Ethics watchdog clears Morneau on timing of 2015 sale of shares

The federal ethics commissioner has cleared Finance Minister Bill Morneau of allegations that he and his father benefited from insider information to save half a million dollars on the sale of shares in their family-built company.

Political opponents asked ethics commissioner Mary Dawson to look into the sales of millions of dollars worth of shares in Morneau Shepell Inc. in late 2015 by Morneau and his father -- a sale that came just days before a major tax announcement that critics say triggered a dip in the stock market.

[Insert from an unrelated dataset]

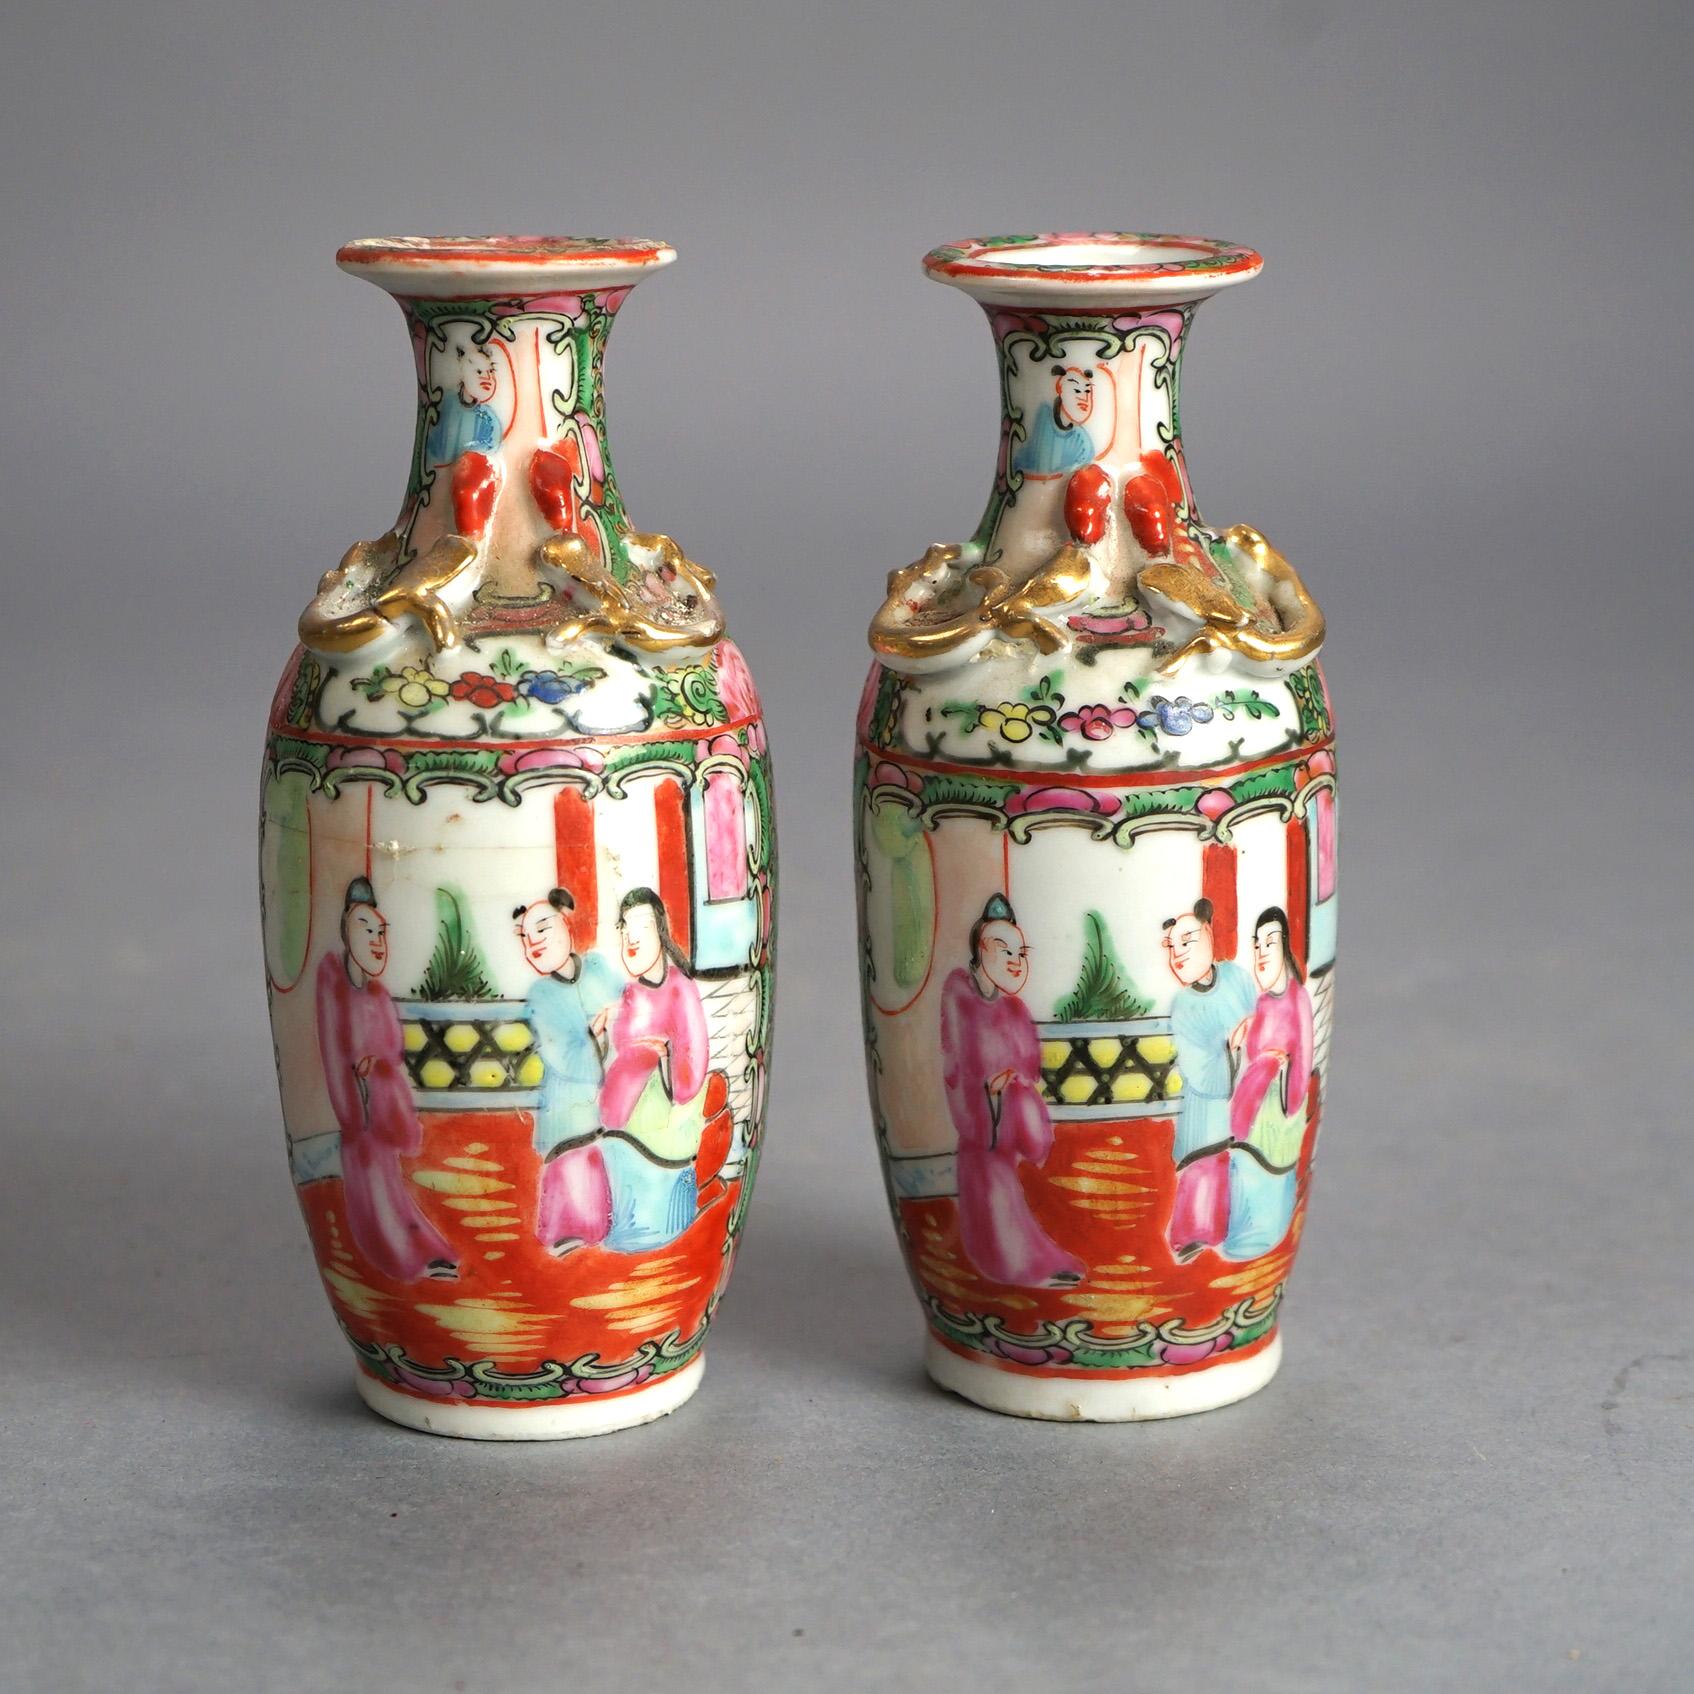 Gilt Antique Chinese Rose Medallion Porcelain Vases with Gardens & Figures C1900 For Sale

They argued that Morneau's December 2015 announcement raising income taxes on the highest earners had a wide-reaching market impact, because it encouraged wealthier shareholders to sell off some their stock before the changes came into effect on Jan. 1, 2016.

In a letter to Morneau, Dawson says no privileged information was used because the tax increase was first announced publicly as early as Nov. 4, 2015 -- "well in advance" of the stock sale.

In a separate review, Dawson is also clearing Morneau of allegations that he was involved in the Bank of Canada's renewal of its contract with Morneau Shepell to manage its employee pension plan.

She says she's satisfied Morneau was not involved in the Bank of Canada's decision to renew its contract with the company in February 2017.